As the business owner, the worst thing that can happen is you don’t land the client, or the client fires you. Difference is, it’s not 100% of your income on the line. Ironically, when you’re liberated from this fear, in the end you come up with more innovative, better quality products and services.

 

That said, this is typically where people go “if you keep failing, you’ll go out of business.” There’s truth to that, if you never evolve and learn from the mistakes, you’re certainly destined to go out of business. Businesses who didn’t adapt to the internet and went out of business when COVID hit certainly learned that lesson the hard way.

 

But a big part of being a business owner is being innovative enough to be able to pivot, evolve and change dynamically enough to prevent that from happening. The idea here isn’t to fear the failure, but to be able to embrace it and grow.

 

Business Ownership is All About Growth.

 

Growth financially, yes. But growth personally is the biggest benefit. You’ve always got to be personally growing, learning, improving, evolving. There’s excitement to that. The market you operate in basically demands that you continually evolve and adapt. 

 

The people who can’t evolve and adapt go out of business.

 

The ones that are able to evolve and adapt become market leaders and reap the rewards. 

 

It’s as simple as that. 

 

Conclusion - Is Business Ownership Right For You?

 

In the end, business ownership is a way of life that most anyone can benefit from, but not everyone is suitable for. Everyone has the talent to do it. Knowledge isn’t a prerequisite (some of the most successful business owners aren’t the smartest). Being able to grow and embrace change is the biggest skillset you need to prosper.

 

  1. In the beginning, income from business will be less than as a salaried employee. Over time as your business grows and expands and you evolve, business owner income rapidly outpaces employees. 
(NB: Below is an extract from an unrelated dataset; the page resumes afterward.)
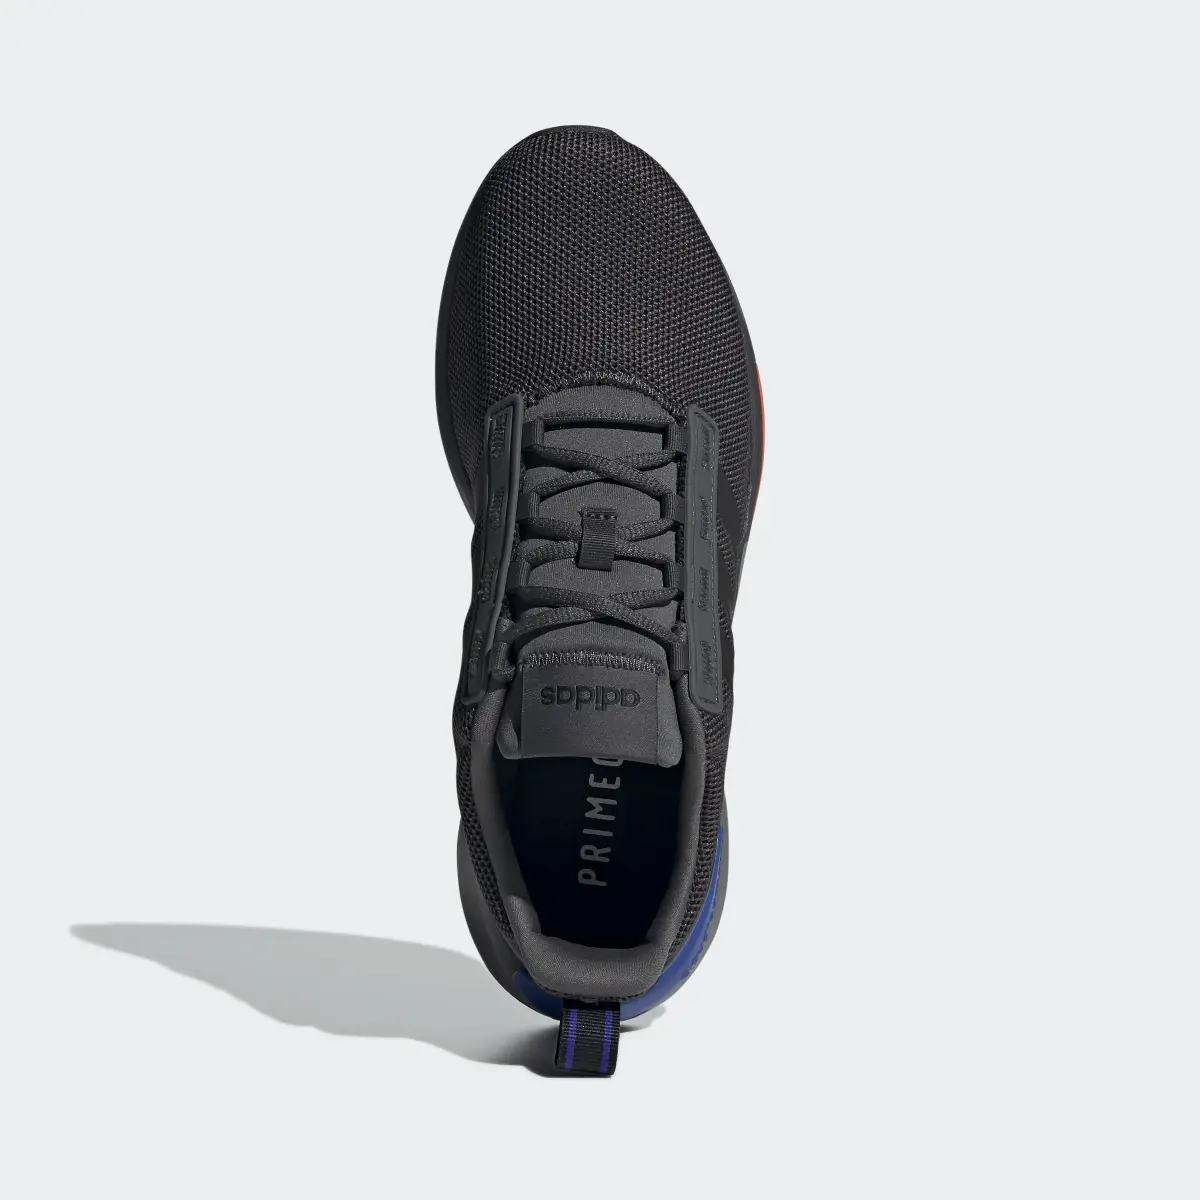 Adidas Racer TR21 Shoes. 3

  2. Business ownership means more responsibility. You own the show. It’s on you. If you find that empowering, then you’ll do well. If that’s stressful, probably not so much.
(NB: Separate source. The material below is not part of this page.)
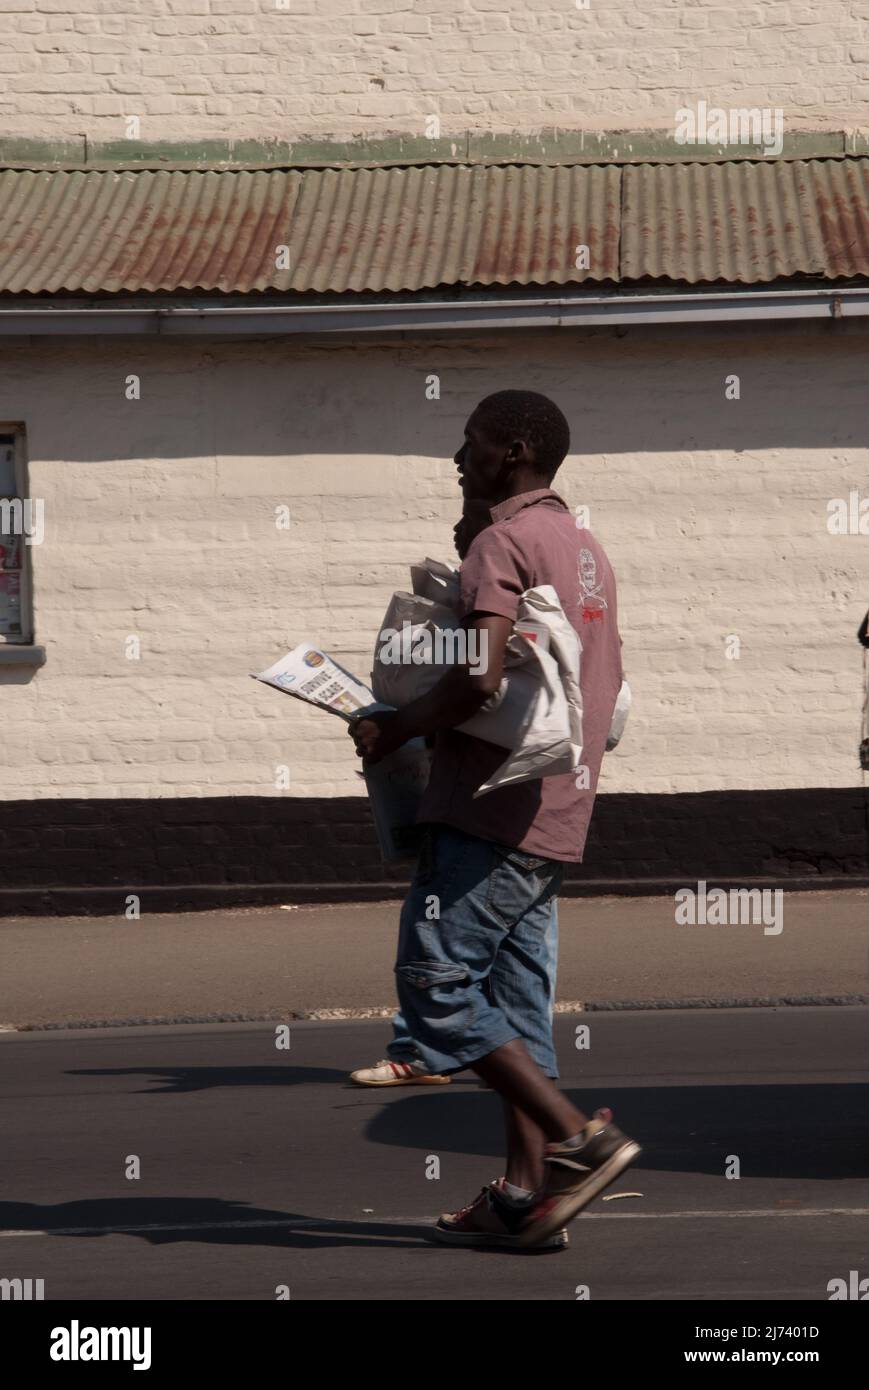 Boys selling newspapers, outside an Old Administrative Building, Blantyre, Malawi, Africa. Blantyre (named after David Livingstone's birthplace in Sco Stock Photo

  3. Know what truly stresses you. For me, it’s infinitely more stressful working for someone else and operating out of a primal fear for my job than it is to spend all my time working on my business in everything from accounting to marketing. 

 

You’ve got to decide which one are you more comfortable with: freedom and the responsibility it comes with, mixed with some uncertainty and needing to be a bit of a jack of all trades or consistent certain pay, focus on one or two areas, and being a ‘part of’ someone else’s machine.

 

Whichever you’re most comfortable with, that’s where you should be. Either way works as long as you make it work for you and get the maximum enjoyment out of life. It’s too damn short otherwise.